Tulip Kanth

New Delhi, June 21, 2022: While affirming that the decision of the Arbitral Tribunal to evaluate the material placed before it cannot be faulted, the Delhi High Court has observed that sensu stricto, Indian Evidence Act, 1872 does not apply to arbitral proceedings.

Referring to the Arbitration & Conciliation Act,1996, the Division Bench of Justice Vibhu Bakhru and Justice Amit Mahajan asserted, Section 1 of the said Act makes it amply clear that it would not apply to proceedings before an arbitrator.”

The factual matrix of the case was that the respondent (BSNL) had invited bids to empanel agencies to provide OOH advertising services in several Territorial Circles in India and CCL emerged as the successful bidder. Thereafter, the parties entered into an agreement for the empanelment. When disputes arose between the parties in connection with the Agreement and the Release Order, it  was CCL’s case that it raised bills for installing the PCO Sign Boards from time to time. Whilst some payments were made a large invoiced amount was withheld. According to CCL an amount of Rs13,04,14,219.95 remained unpaid.

 CCL invoked the Arbitration Agreement and sought reference of the said disputes to arbitration.The Arbitral Tribunal found that appellant was paid for the PCO Sign Boards that were found to exist on verification and it rejected the contention that the appellant was entitled to be paid for the PCO Sign Boards. Against this order when the appellant moved the High Court, the Single Judge concurred with the conclusion of the Arbitral Tribunal. Hence, this appeal was filed by CCL under Section 37(1)(c) of the  A&C Act.

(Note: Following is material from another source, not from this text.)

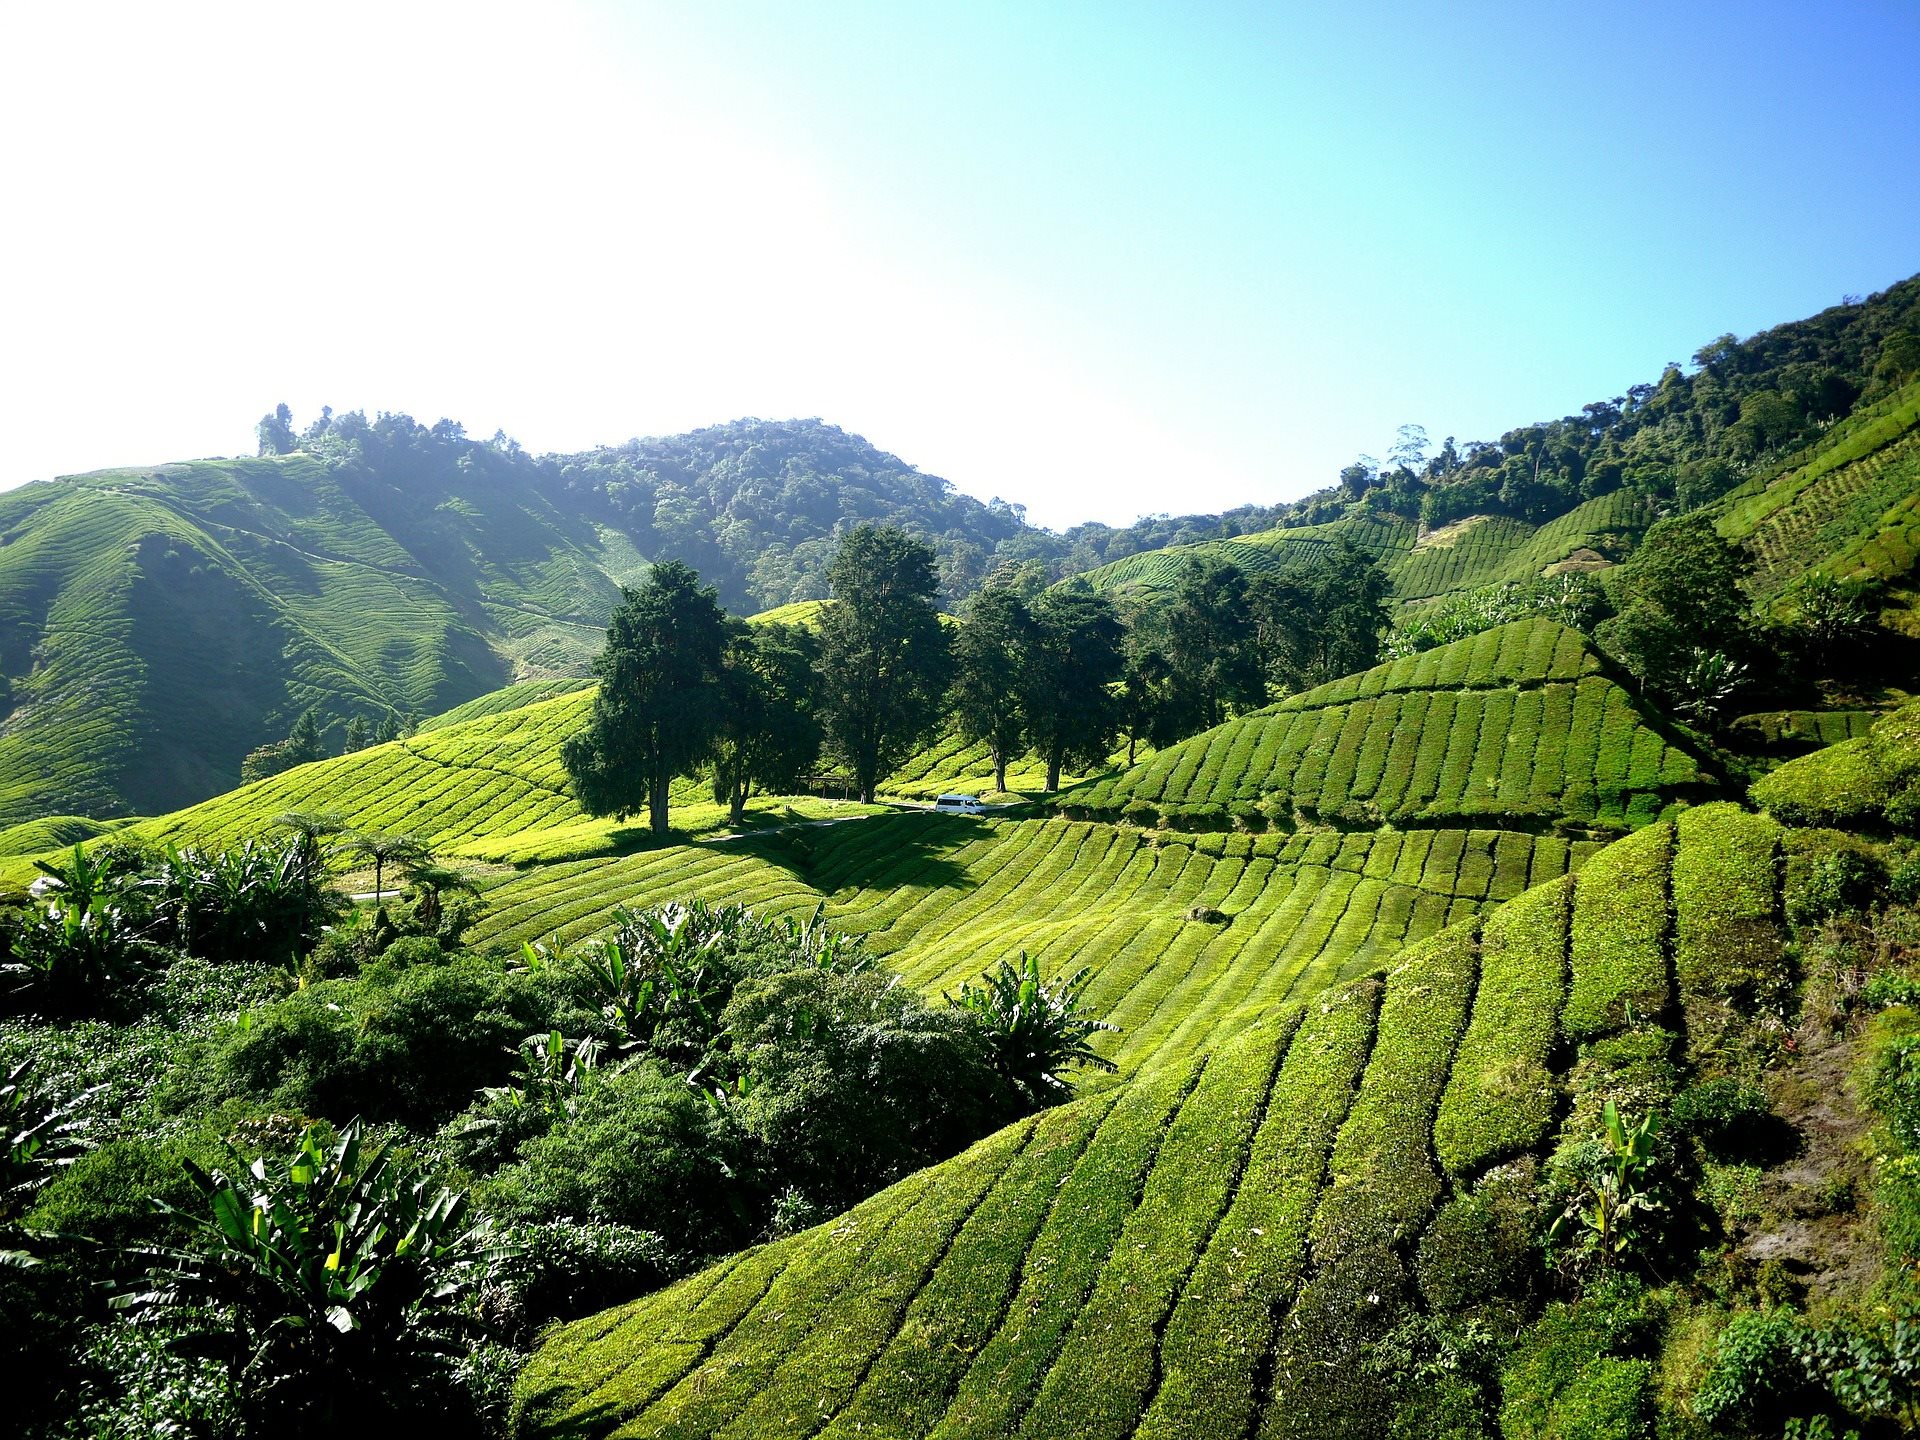 Cameron Highlands tea-plantation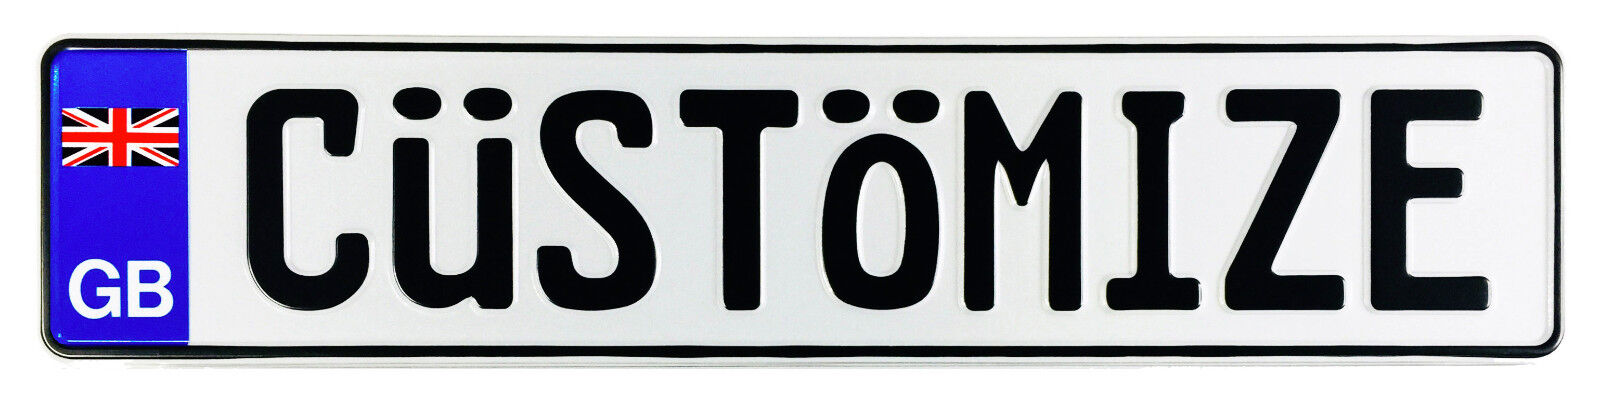 Great Britain Custom License Plate

A contention was raised by CCL saying that the document namely the Status Report of installation of PCO Sign Boards was completely disregarded.On this submission, the Court responded by saying that the Tribunal did not ignore the said document.The Bench asserted, “ Section 19(1) of the A&C Act also expressly provides that an Arbitral Tribunal would not be bound by the Indian Evidence Act, 1872. Clearly, the decision of the Arbitral Tribunal to evaluate the material placed before it cannot be faulted.”

Ultimately, this Court found no infirmity with the decision of the Single Judge in declining to interfere with the impugned award on the ground that the disputes involved were largely on questions of fact and the finding returned by the Arbitral Tribunal in regard to these questions warranted no interference. 

According to the Bench, the Single Judge had rightly concluded that none of the grounds as set out in Section 34 of the A&C Act were established in the present case. Finding the appeal to be unmerited, the High Court dismissed the same.